The details are important. The IOC did not punish Russia for invading Ukraine or bombing its cities, and it has not criticized Israel for its destruction of Gaza. It has expelled the Russian Olympic Committee and will force Russians to appear as “independent” in Paris on the grounds that the Russian Olympic Committee tried to incorporate Ukrainian athletes in the territories taken over by Russia. In the eyes of the IOC, the problem with Russia’s behavior isn’t the death and destruction — it is instead the insult to the authority of Ukraine’s national Olympic committee.
Israel has not tried to incorporate Palestinian athletes, though it did kill many of its athletes.
In the eyes of the IOC today, as in 1936, war and mass death are not enough to exclude a nation from the Games.
In all this, the IOC says it is committed to the idea of individual responsibility. It will not punish athletes for the choices of their governments. After all, athletes have little influence over governments, and they may well be reliant on governments for their careers.

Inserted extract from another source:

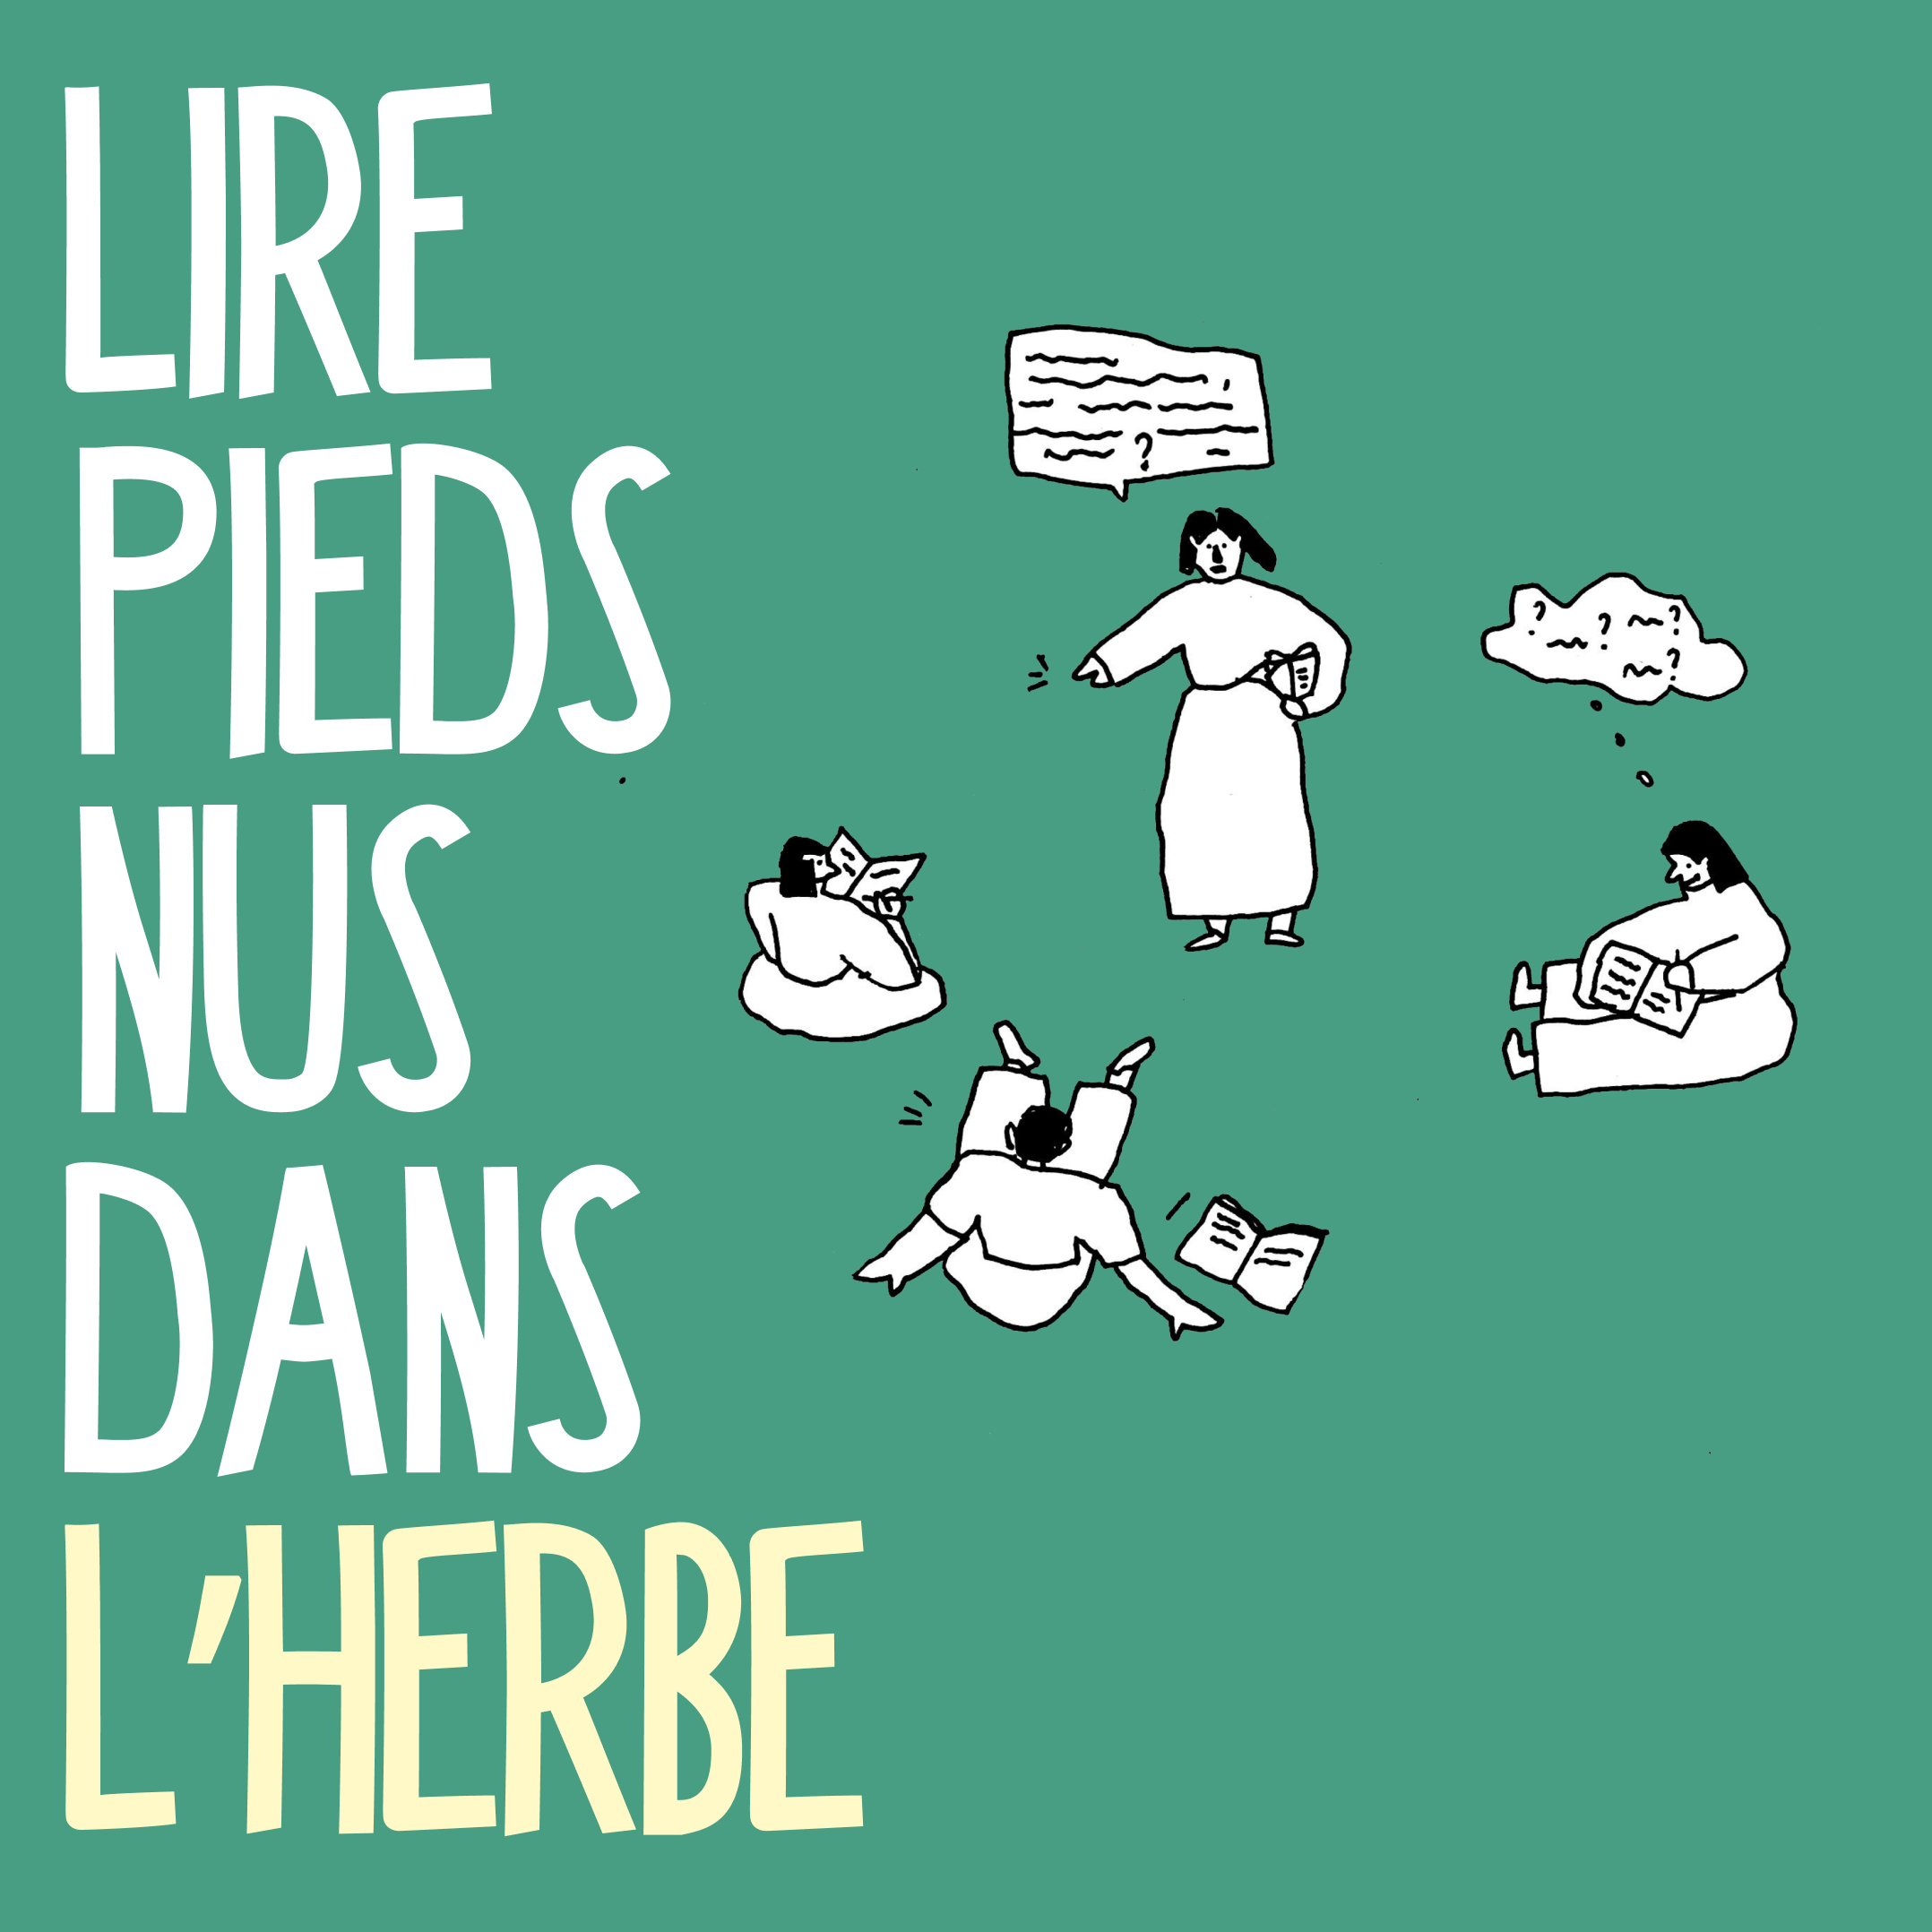 image Lire_pieds_nus_dans_lherbe.png (0.4MB)

This gives a false impression that the IOC is hands-off when it comes to dealing with governments. It is not. For one thing, the IOC has banned Russian athletes “who actively support the war” in Ukraine, which looks a lot like punishing individual athletes for taking a political position. And more generally, the Olympics’ symbiotic relationship with governments means that both stand to gain when they work together. When the Games go well, governments get an influx of people and money and a boost in public profile, and the IOC gets a stable platform for the global spectacle that it sells to advertisers and sponsors.
The IOC today would rather forget 1936 and Baillet-Latour, but it still uses his logic to disavow its own political responsibilities. When pressed about doping at the Sochi Winter Games in 2014, human rights and pollution in Beijing 2008, and corruption and self-dealing in Paris 2024, the IOC deflects and parries. Anti-doping is the responsibility of the World Anti-Doping Agency, it says; labor and environmental law is up to the local government; and building contracts are managed by the host city committee.
When things go wrong, responsibility always seems to lie with someone else.
Ian Hurd is a professor of international politics at Northwestern University. He is the author of “International Organizations.” Sadie Barlow is an undergraduate at Northwestern studying economics and international studies. She is working with Hurd this summer as a research fellow at the Buffett Institute for Global Affairs.